When you get to the very first delivery, you'll have figured out the absolute best way to group all the deliveries together, and the total minimum cost of the whole operation will be known.

Code Implementation

def delivering_boxes(boxes, max_boxes, max_weight_per_trip):    number_of_boxes = len(boxes)
    dp_table = [0] * (number_of_boxes + 1)

    for i in range(number_of_boxes - 1, -1, -1):
        min_cost = float('inf')
        current_weight = 0
        boxes_count = 0

        # Iterate to find optimal grouping, minimizing cost
        for j in range(i, number_of_boxes):
            boxes_count += 1
            current_weight += boxes[j][0]

            # Check if constraints are violated
            if boxes_count > max_boxes or current_weight > max_weight_per_trip:
                break

            cost = 2 + dp_table[j + 1]

            # Add cost to switch ports if needed
            if j + 1 < number_of_boxes and boxes[i][1] != boxes[j + 1][1]:
                cost += 1

            min_cost = min(min_cost, cost)

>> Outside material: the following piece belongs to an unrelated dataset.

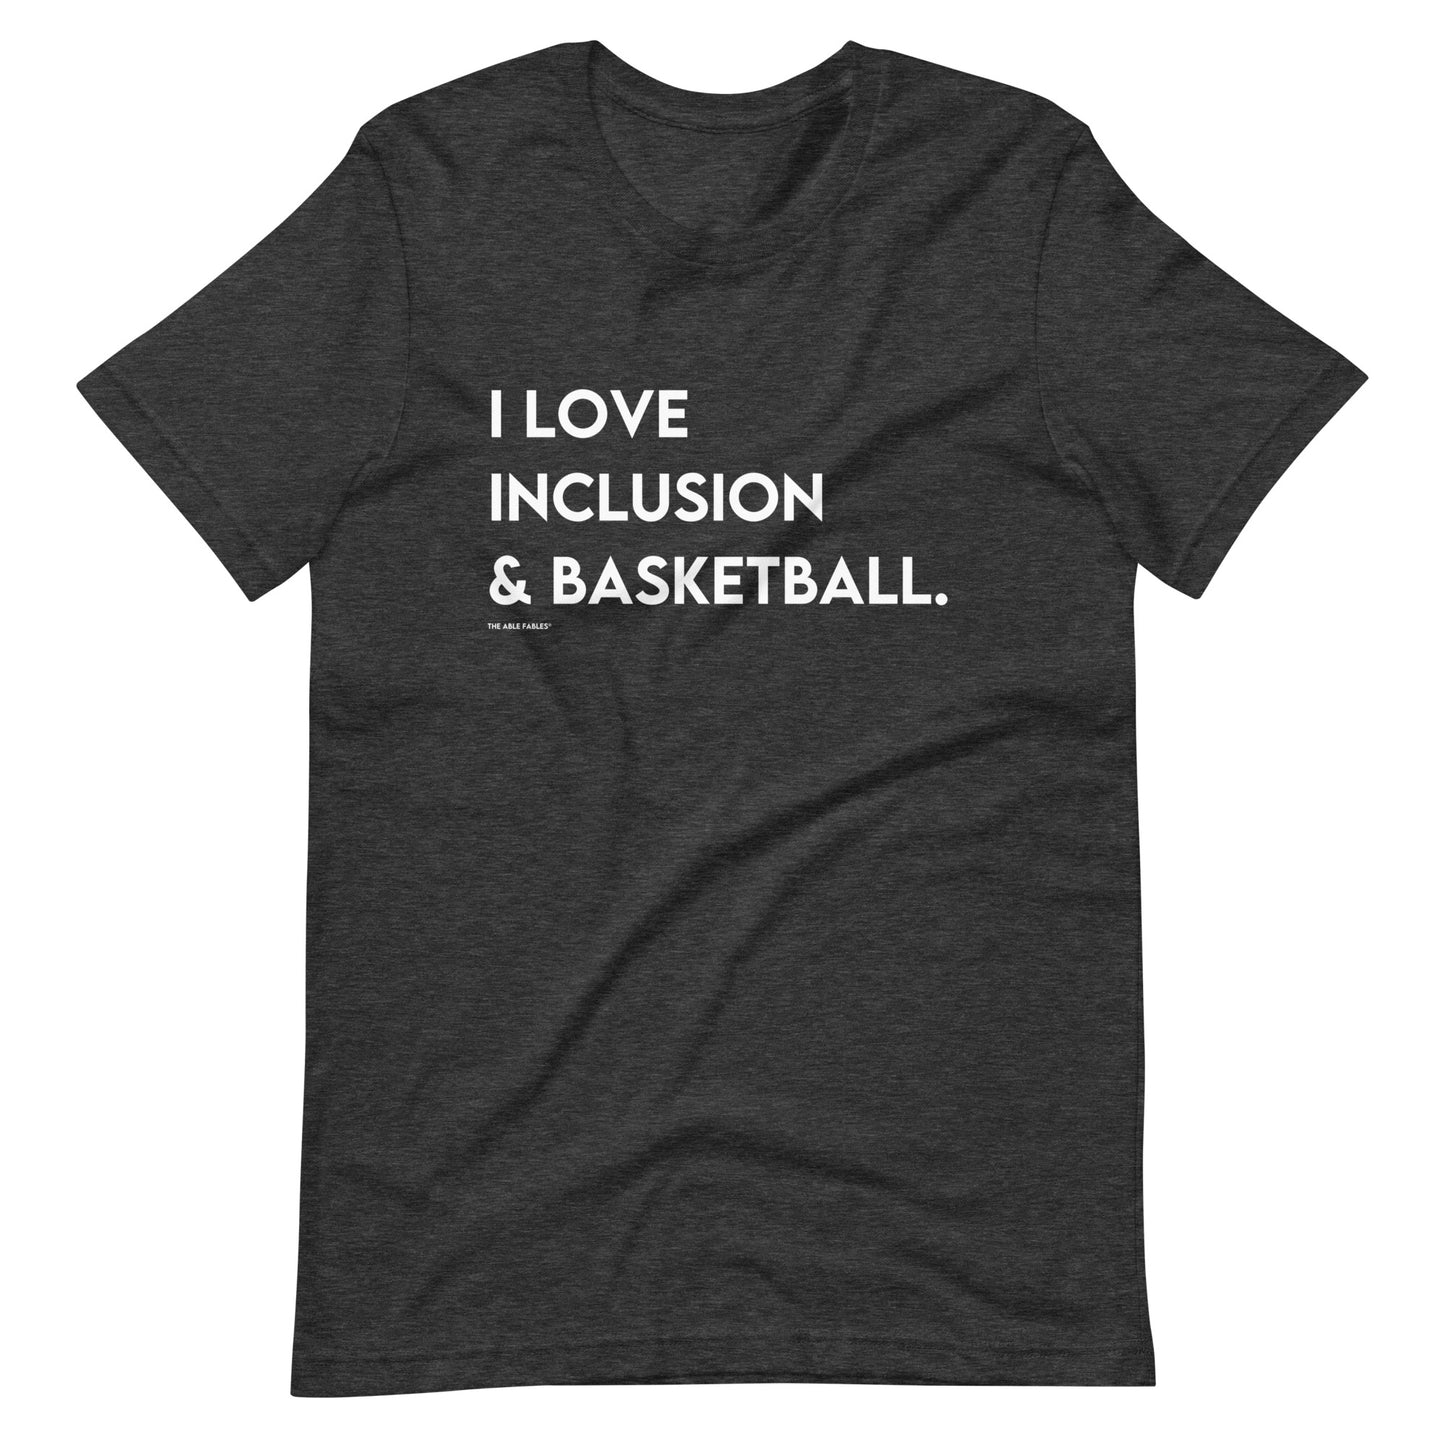 "I Love Inclusion & Basketball" Adult Unisex Tee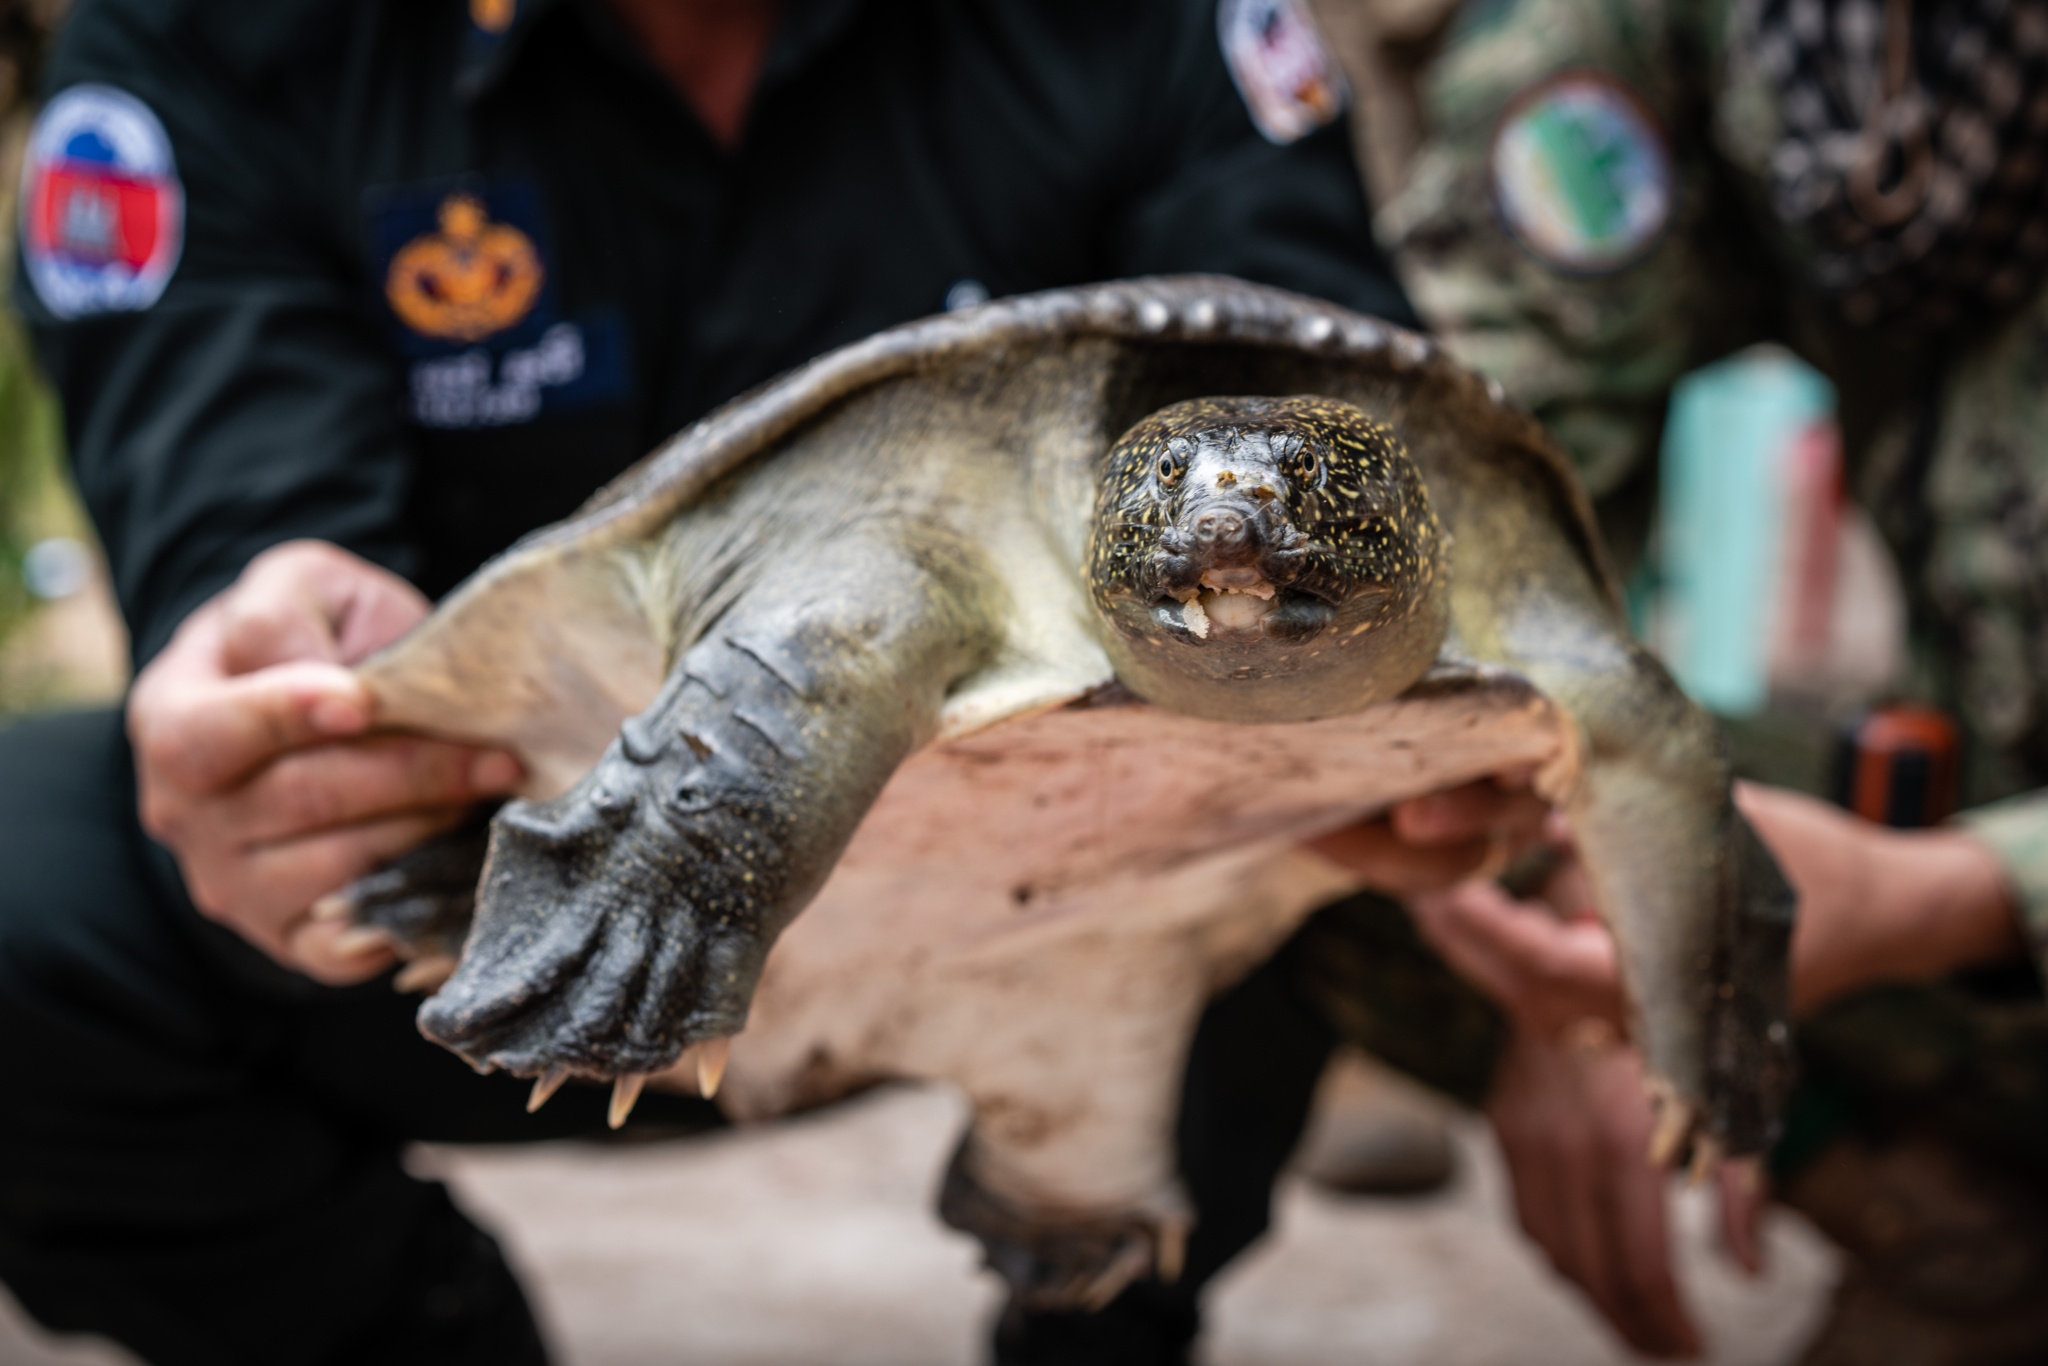 An Asian softshell turtle seized in an illegal wildlife trade raid

        dp_table[i] = min_cost

    # Result is stored at the beginning of DP table
    return dp_table[0]

Big(O) Analysis

Time Complexity

O(n) – The dynamic programming solution iterates backward through the input array of boxes, which has a size of n. For each box, it considers the cost of delivering it either separately or together with subsequent boxes. This involves a constant amount of work for each box, calculating the cost and updating the minimum cost. Therefore, the time complexity is directly proportional to the number of boxes, resulting in O(n).

Space Complexity

O(N) – The dynamic programming solution described stores the minimum cost calculated for each delivery from the end. This implies the use of an auxiliary array or data structure, such as a list, to store these intermediate results for each of the N deliveries. Therefore, the space required grows linearly with the number of deliveries, N. This auxiliary data structure is used to avoid recomputation and find the overall optimal solution. The space complexity is thus O(N).

Edge Cases

Case	How to Handle
Empty boxes array	Return 0 since no trips are needed when there are no boxes.
maxBoxes or maxWeight is zero	Return -1 since no boxes can be loaded, making delivery impossible.
A single box exceeds maxWeight	Return -1 since a single box cannot be transported within the weight constraint.
All boxes have the same port	The dynamic programming solution should correctly calculate trips without being affected by similar port values.
All boxes have different ports	The cost calculation for different ports must still be performed.
Large input size (large number of boxes)	Ensure the DP array is not excessively large to avoid memory issues and optimize time complexity.
Integer overflow when calculating cumulative weights.	Use long data type for cumulative weights to prevent potential overflow.
Boxes are already sorted optimally	DP solution should naturally find the optimal solution even when boxes are well organized.